While Sang-eon recovers, Hwal gazes at her with a glance that’s hard to decode — it looks a bit like desire, but then transforms into this rage that’s hard for him to control. This happens all throughout our episodes this week, actually. He both saves Sang-eon and almost slaughters her multiple times; he grabs her neck with murder in his eyes, and yet bandages her ankle which has been all but crushed from a monster. Theirs is an interesting story, for sure.
Much to my satisfaction, we revisit the murder of 15 years ago, and see how the whole scene played out. We’ve had so many bits and pieces of this, but this time, we get the whole thing. This includes the Lee Joon bulgasal brutally killing Sang-yeon, and even more importantly, the wisdom that she shares as she dies. The bulgasal chuckles that her soul was split in two, but that he’ll just kill both of them — however, Sang-yeon says that he won’t be able to kill her sister. She continues that “the dark hole won’t go away” and that her sister will “put everything back in its place.”

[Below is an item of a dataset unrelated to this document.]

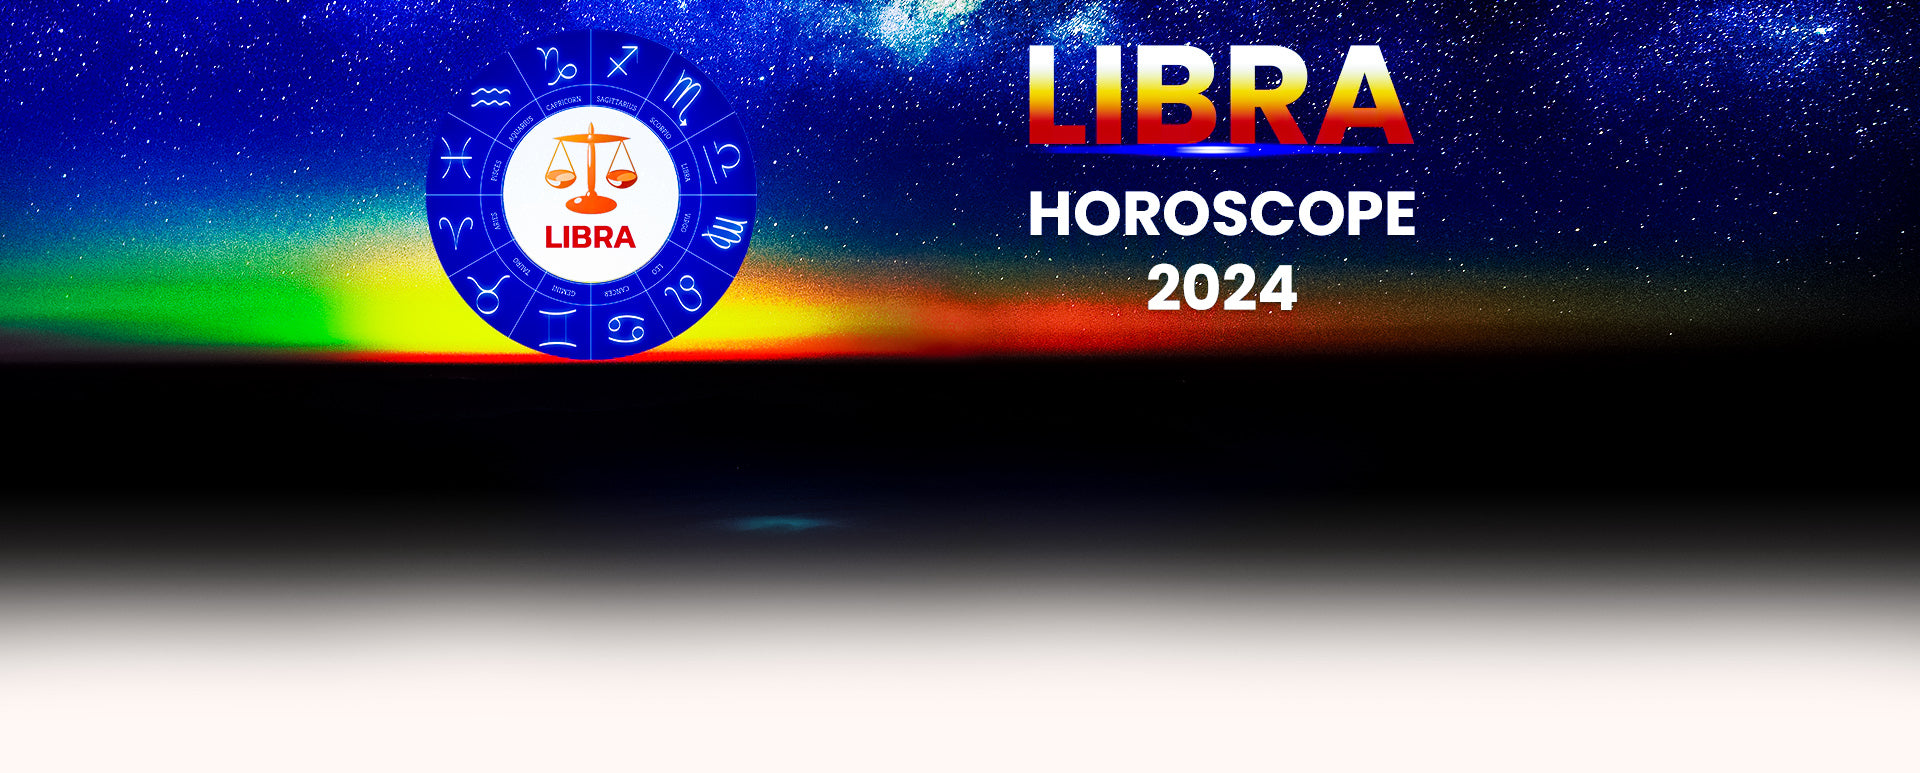 Horoscope 2024 Libra Tagalog Lela Shawna

Dark hole references aside, this is making a lot more sense now. Sang-eon definitely seems to be a wild card in this centuries-long fate. Perhaps she’ll be changing the direction of that fate once and for all?
Hwal wrestles with the presence of this second bulgasal; he was always under the impression there was only one (and we get a flashback of General Dan telling him so). Even so, Hwal knows he has to figure out this bulgasal’s part in the story and kill him before he takes his own soul back and becomes mortal again.
The story doesn’t make us wait long, and I kind of like the aggressive way the Lee Joon bulgasal thrusts himself into the story. In fact, we learn he’s been around for a long time; he has hunted down all of Sang-yeon/Sang-eon’s past reincarnations and killed her. Now, he literally calls up Hwal for an opulent lunch and asks him to join forces.
Outside of the brilliant acting here from Lee Joon, this scene serves to drop a ton of important plot information, including his name (finally!): OK EUL-TAE. He first tries to convince Hwal that they’re on the same side and disrupt any belief Hwal might have in Sang-eon’s innocence. He repeats several times that they have a common enemy and that she is the true danger to them both.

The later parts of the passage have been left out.